Listed Building – Grade I
- Official name: Building D10 at Boots Factory Site
- Designated: 28 January 1971
- Reference no.: 1247927

Listed Building – Grade I
- Official name: Building D6 at Boots Factory Site
- Designated: 14 April 1987
- Reference no.: 1278028

Listed Building – Grade II*
- Official name: Boots D90 West Headquarters Building
- Designated: 28 August 1996
- Reference no.: 1268303

Listed Building – Grade II
- Official name: Building D34 (fire station) at Boots Factory Site
- Designated: 14 April 1987
- Reference no.: 1247933

Listed Building – Grade II
- Official name: Bust of Sir Jesse Boot (Lord Trent) at entrance to boating lake
- Designated: 30 November 1995
- Reference no.: 1255192

= Boots Factory Site =

Industrial site in Nottinghamshire, England

The Boots Factory Site at Beeston, Nottinghamshire, England, is the location for the headquarters of Boots UK Limited. The site was developed from 1926 as the manufacturing, packing and distribution centre for the pharmaceutical company developed by Jesse Boot. The site contains a number of significant buildings, including "some of the most important" examples of 20th-century Modernist design in Britain. The most important are the two designed by Owen Williams; the D10, 'Wets' building, and the D6, 'Drys' building. Both are Grade I listed buildings; D10 being the largest Grade I listed structure in Britain. The headquarters office, D90, was designed by Skidmore, Owings & Merrill and is designated a Grade II* listed building.

==History==
John Boot (1815–1860) opened a shop selling herbal remedies in Goosegate in the City of Nottingham in 1849. Over the next 70 years his son, Jesse Boot, through a series of innovations; trading only in cash, the use of large-scale industrial production methodologies, the establishment of a major distribution and retailing network including the opening of over a thousand stores allowing direct selling, and the development of pharmacies which enabled him to undercut the prescription prices previously charged by doctors; expanded the business to become one of the world's biggest drug companies. In 1920 concerned as to whether his son, John had the commercial acumen necessary to run the company, Jesse Boot sold it to the United Drug Company of America. By 1926, John Boot had bought back the company and in 1927, renamed the Boots Pure Drug Company, it purchased a new 200 acres site at Beeston, outside of Nottingham, which became the Boots Factory Site.

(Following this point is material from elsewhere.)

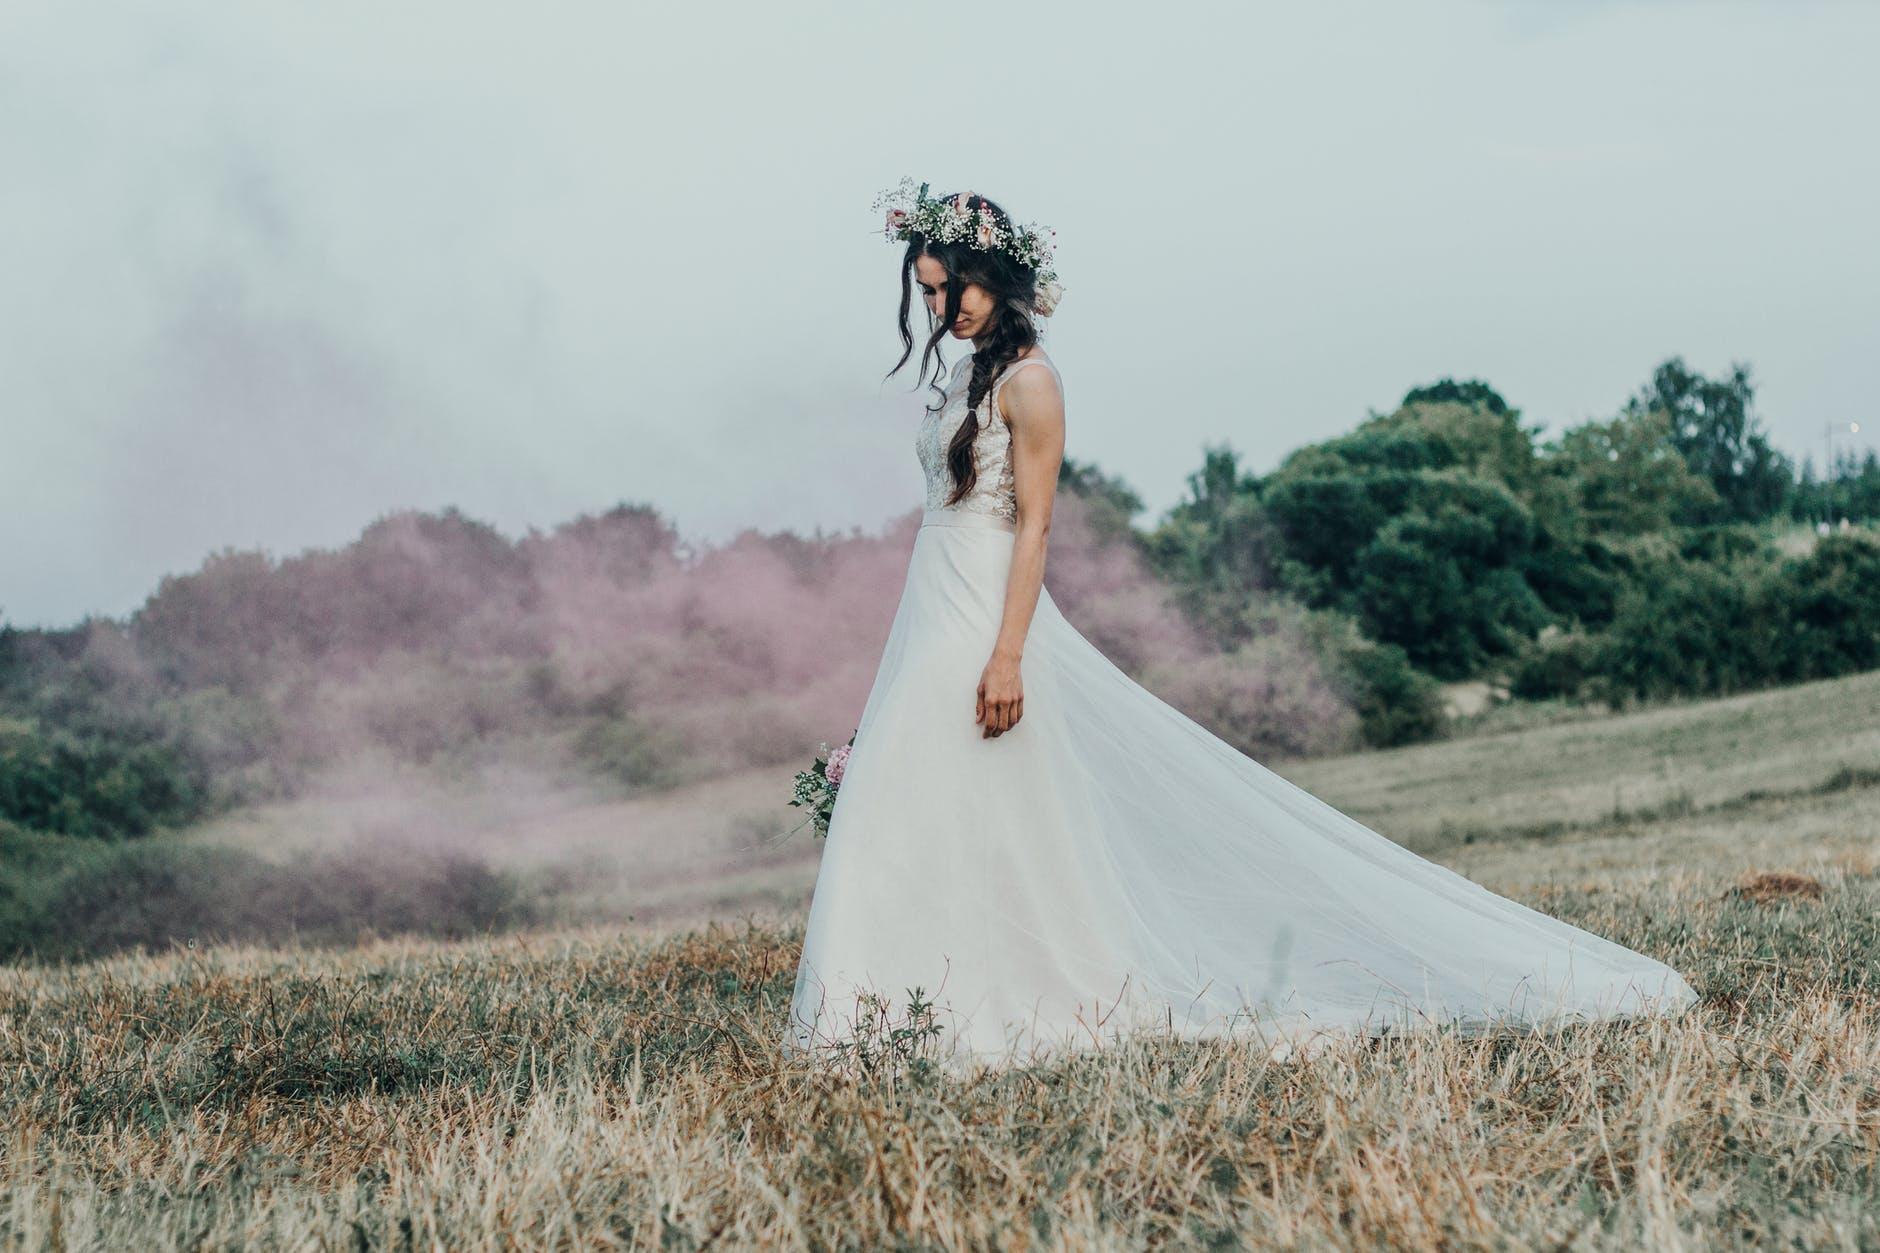 Vestidos de novia españoles Archivos - Marián Novias | Tienda de novias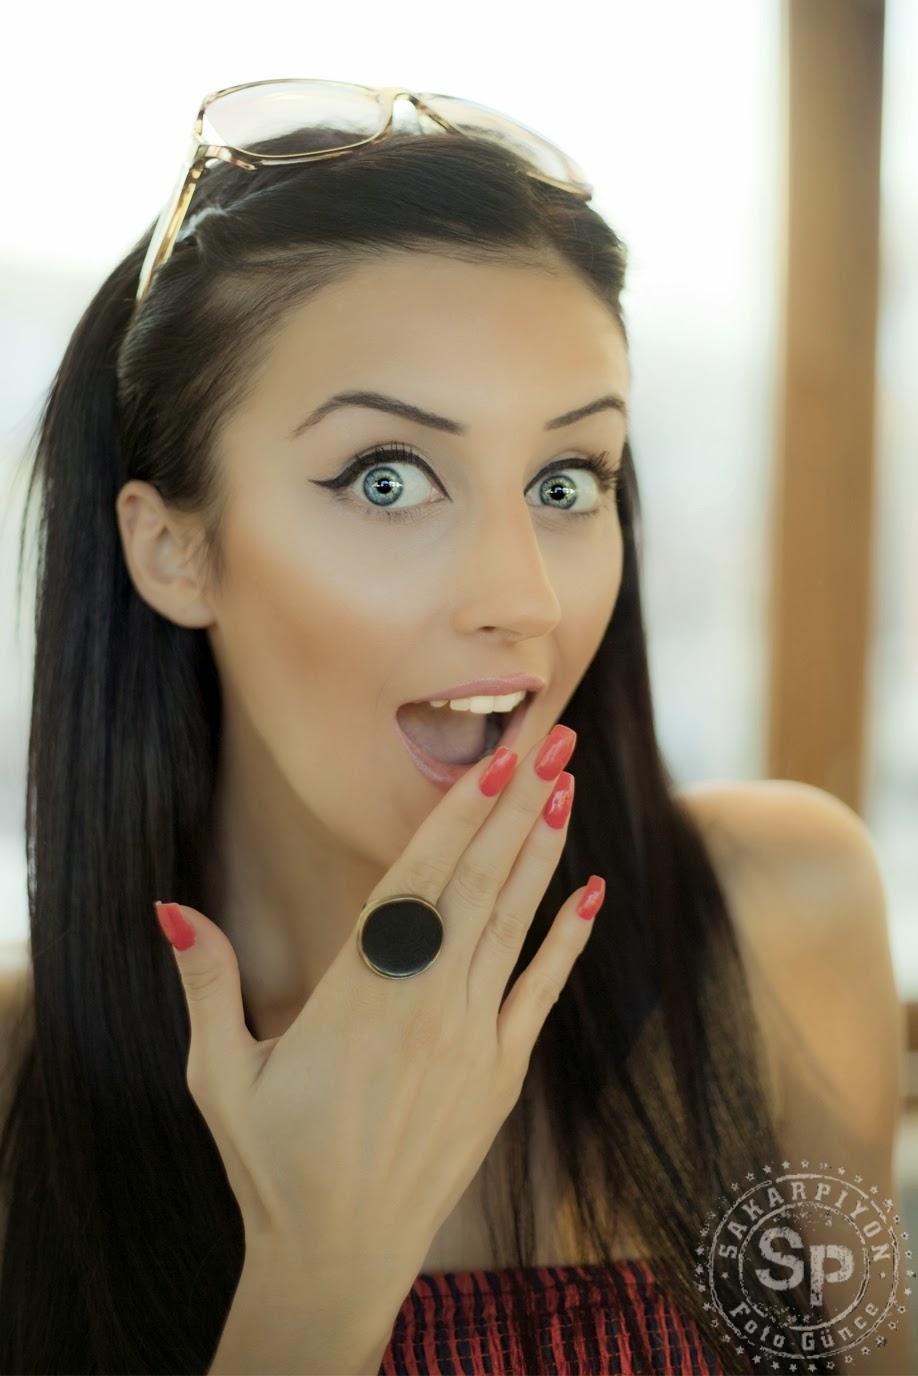 Şaşkın, Hayret, Mimik, Yüz, İfadeli Kız Fotoğrafı

Work began immediately and Owen Williams, an architect and engineer, was engaged to design a range of buildings on the site. The first was D10, the 'Wets' building, so-called because it was used for the manufacture and packaging of lotions and medicines in liquid form. This was constructed between 1930 and 1932 and was followed between 1935 and 1938 by D6, the 'Drys' building, used for production of tablets and lozenges. Williams went on to design a fire station, D34, for the plant. In the 1960s, the American firm Skidmore, Owings & Merrill was commissioned to design D90, the company headquarters, after Boots' executives had seen examples of their work in the United States.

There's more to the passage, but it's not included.